The expectation of this study was that blue mussel (Mytilus edulis) individuals would

alter their filtration rate in response to exposure to different diets. An experiment was designed

and implemented to test for these differences; mussels were collected and exposed to a diet

treatment of plankton or fucoid zygotes for 1, 2, or 4 hours. Differences in filtration rates

between the three time periods in each treatment and between the two treatments at each time

period were analyzed for three days of data collection.

Organism Collection

One hundred adult (larger than 40 mm in length as defined by FAO Fisheries Statistics

2006) blue mussel, Mytilus edulis, individuals were collected in the fall of 2014 from the floating

docks at the Maine Maritime Academy waterfront in Castine, Maine. Sixty mussels, of an

average length of 54.5+3.43 mm, width of 27.7+1.78 mm, and weight of 14.3+2.7 g with no

shell damage (e.g. cracked or broken areas, epiphyte growth), were chosen for the experiment.

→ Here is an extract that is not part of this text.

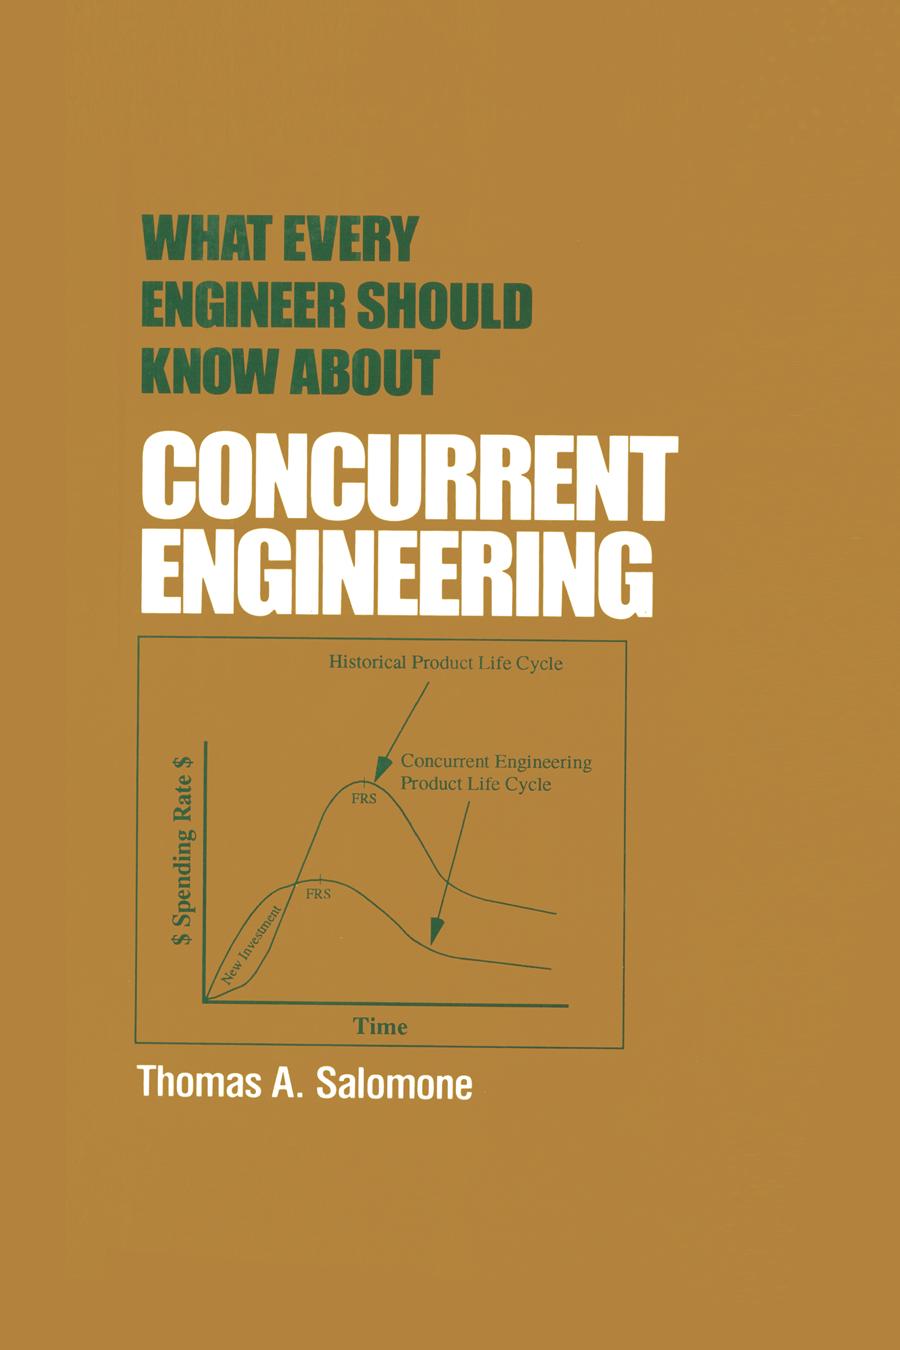 What Every Engineer Should Know about Concurrent Engineering

Mussels were maintained in the Andrews Hall running seawater laboratory prior to data

collection. Twenty mussels were used each day for a three day experiment. All mussels were

exposed to artificial seawater containing no food for 24 hours prior to the start of the experiment.

Mussels were randomly assigned to a beaker numbered one through twenty. Subsequently, the

diet treatment (fucoid zygotes or plankton in artificial seawater) and a time period (1, 2, or 4

hours) were randomly assigned to each beaker.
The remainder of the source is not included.